The Heavy Artillery: Multivariate Imputation by Chained Equations (MICE)
If KNN is smart, MICE is brilliant. It models each feature with missing values as a function of all the other features. It’s an iterative process: it makes an initial guess (like using the mean), then it cycles through each feature, refining its predictions each time based on the newly imputed values from the last round.
Why it’s often the best: It does the best job of capturing the complex, multivariate relationships in your data and recreating a realistic variance for the missing values. Each imputed value is a prediction from a model built on the other features.
The serious catch: It’s complex and computationally very expensive. It’s also a black box; you’re relying on the convergence of these chained models.
from sklearn.experimental import enable_iterative_imputer # Required import
from sklearn.impute import IterativeImputer
from sklearn.linear_model import BayesianRidge
# The IterativeImputer is Scikit-learn's implementation of MICE
# It uses a BayesianRidge regression model by default for numerical data
imputer = IterativeImputer(random_state=42, max_iter=10)
df_imputed_mice = imputer.fit_transform(df)
df_imputed_mice = pd.DataFrame(df_imputed_mice, columns=df.columns)
print("\nAfter MICE Imputation:")
print(df_imputed_mice.round(1))
The Non-Answer: Adding an Indicator Column
Here’s a pro move that most beginners miss. However you impute, you should almost always add a new binary column for each column you impute: Age_Was_Missing, Salary_Was_Missing, etc.
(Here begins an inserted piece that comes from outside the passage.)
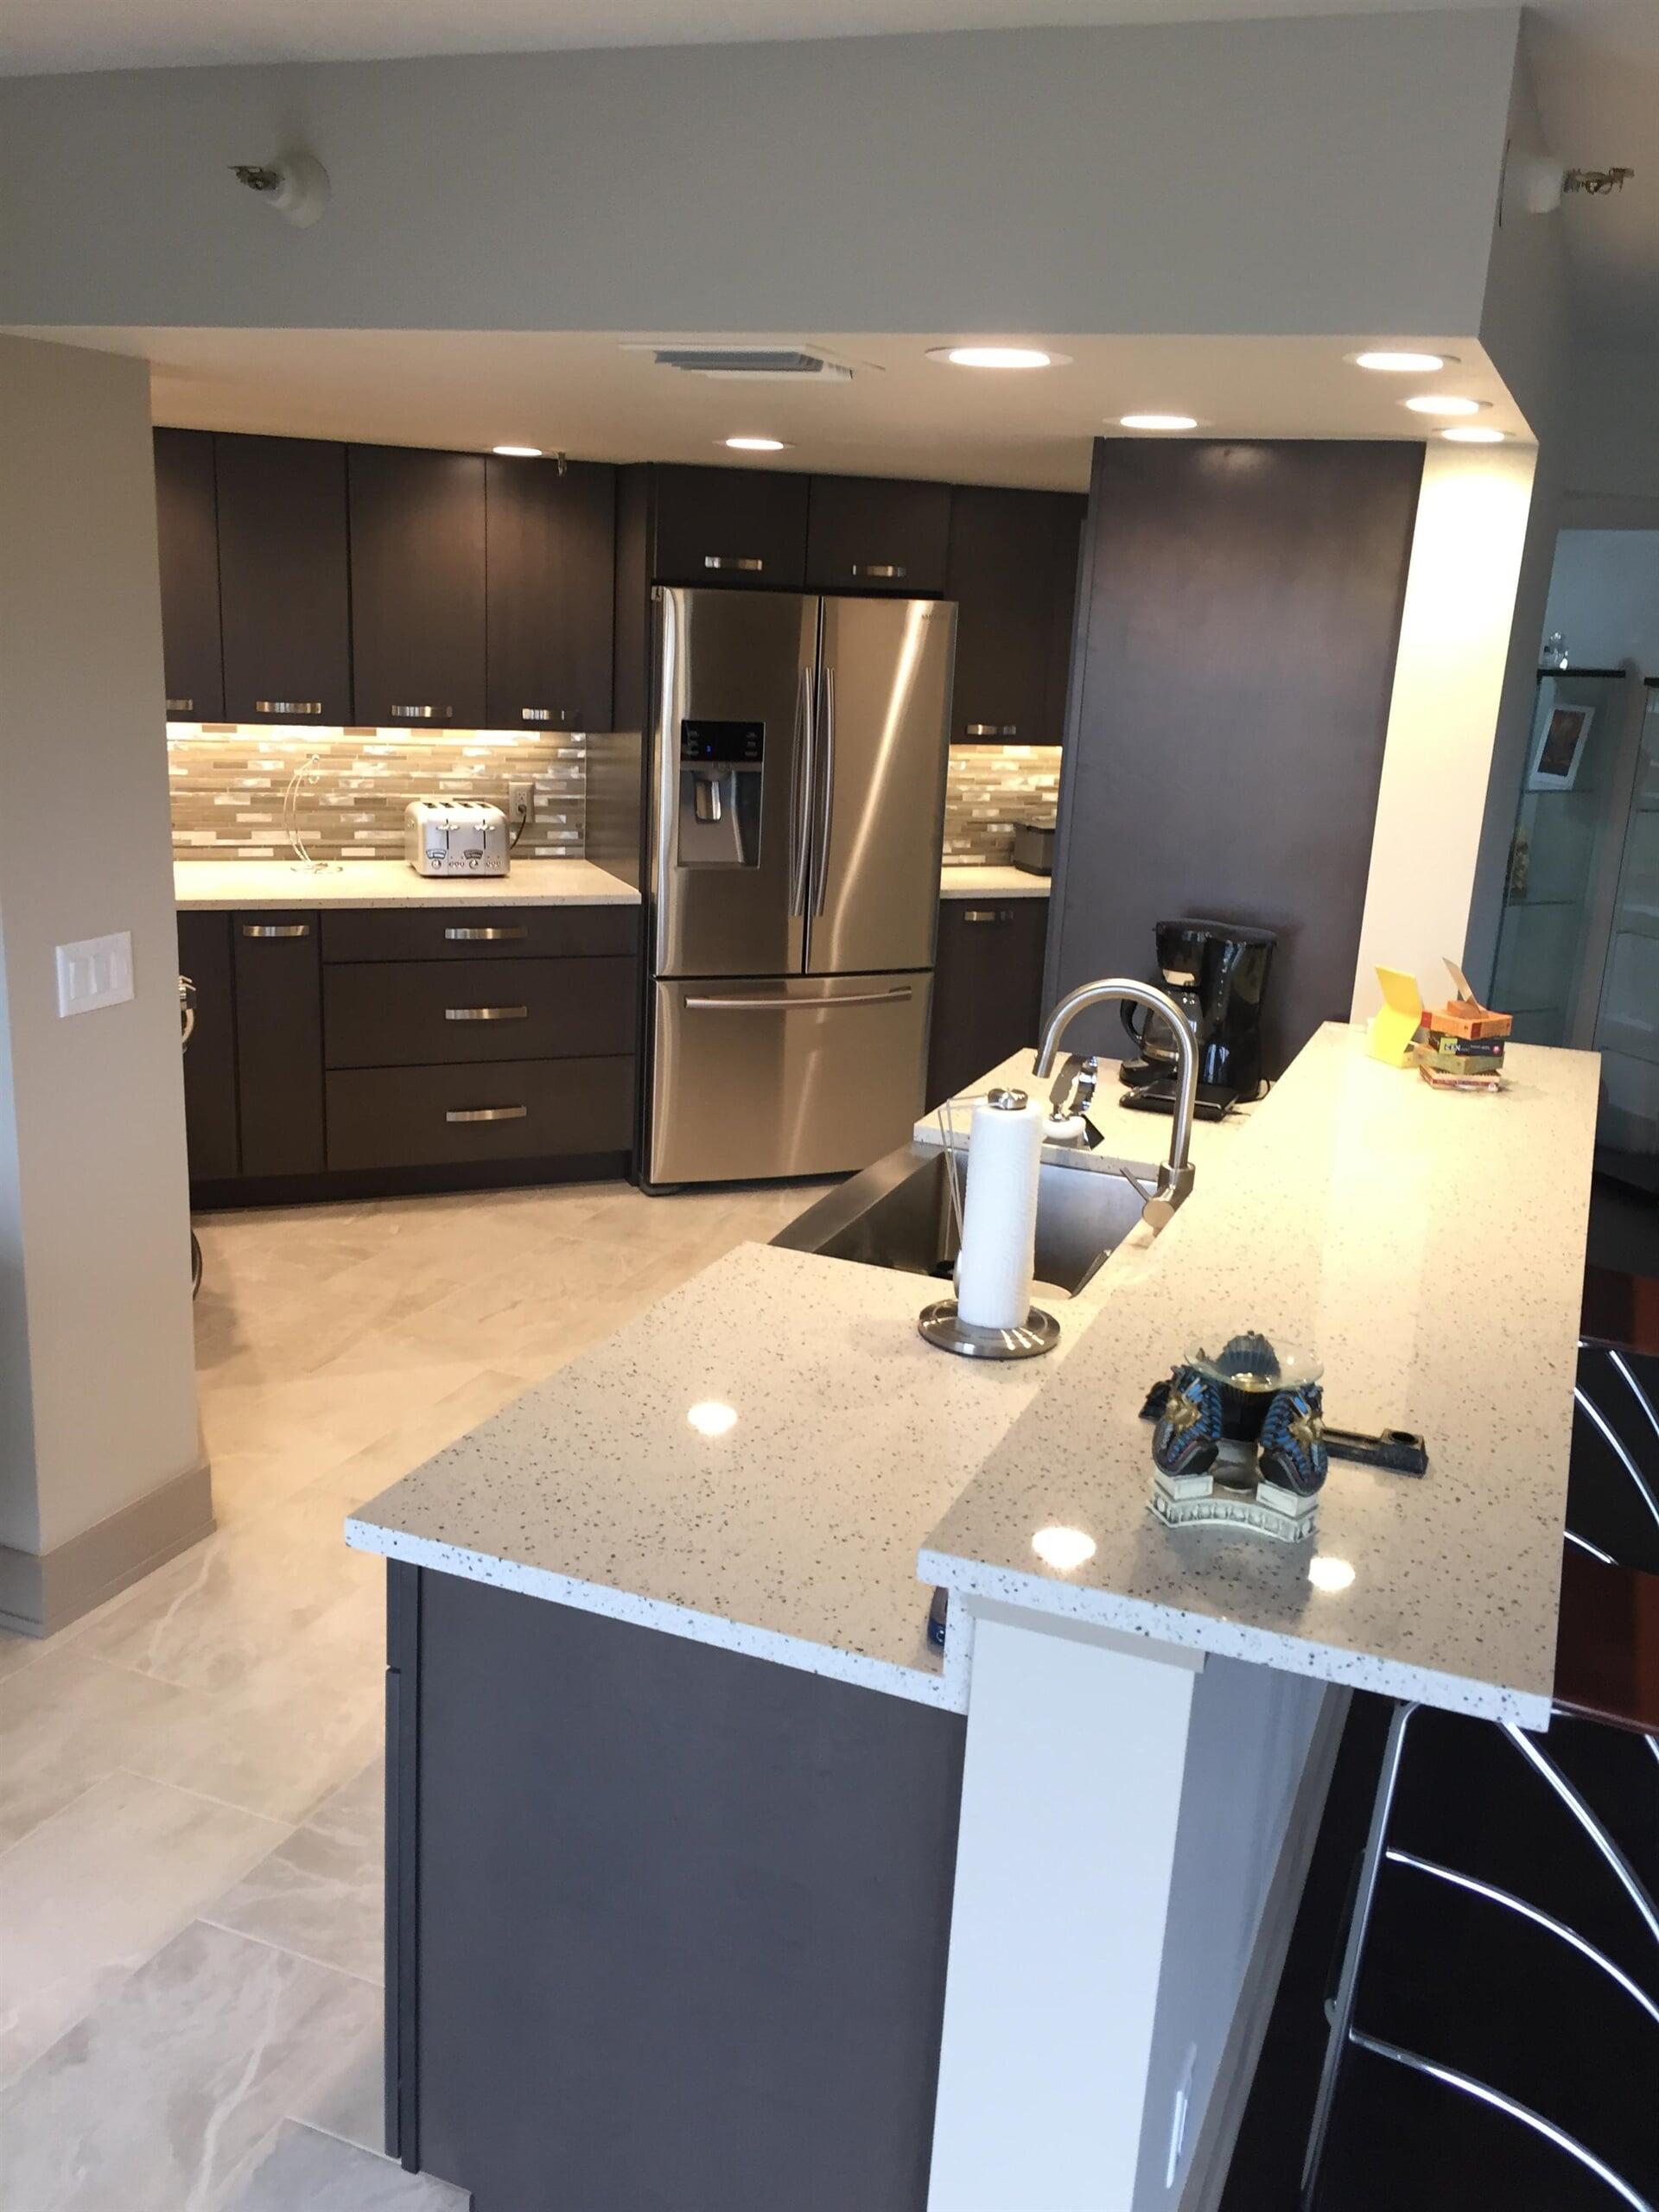 Beautiful kitchen design in Palm Harbor, FL from Floor Depot

Why this is a game-changer: It tells your model, “Hey, the original value here was unknown.” This is a huge piece of information! The fact that data is missing is rarely random; it’s often systematic. Maybe people with very high salaries are less likely to report them. Your model can learn to treat imputed values differently if it knows they were imputed. It’s like giving your model a clue about the underlying uncertainty.
df_with_indicators = df.copy()
for col in df.columns:
# Create a new indicator column before imputation
df_with_indicators[col + '_Was_Missing'] = df[col].isna().astype(int)
# Now perform your imputation of choice on the original columns
imputer = IterativeImputer(random_state=42)
df_imputed = imputer.fit_transform(df_with_indicators[['Age', 'Salary']])
df_with_indicators[['Age', 'Salary']] = df_imputed
print("\nDataFrame with Missing Indicator Columns:")
print(df_with_indicators.round(1))
There is no single “best” method. Your choice depends on your data size, the nature of the missingness (is it random or not?), and your tolerance for complexity. Always try a few methods and see how they impact your model’s performance. And for the love of all that is holy, never impute your training and test data together—fit the imputer on the training set and transform the test set with it to avoid data leakage. It’s the most common pitfall, and it will utterly invalidate your results. You’ve been warned.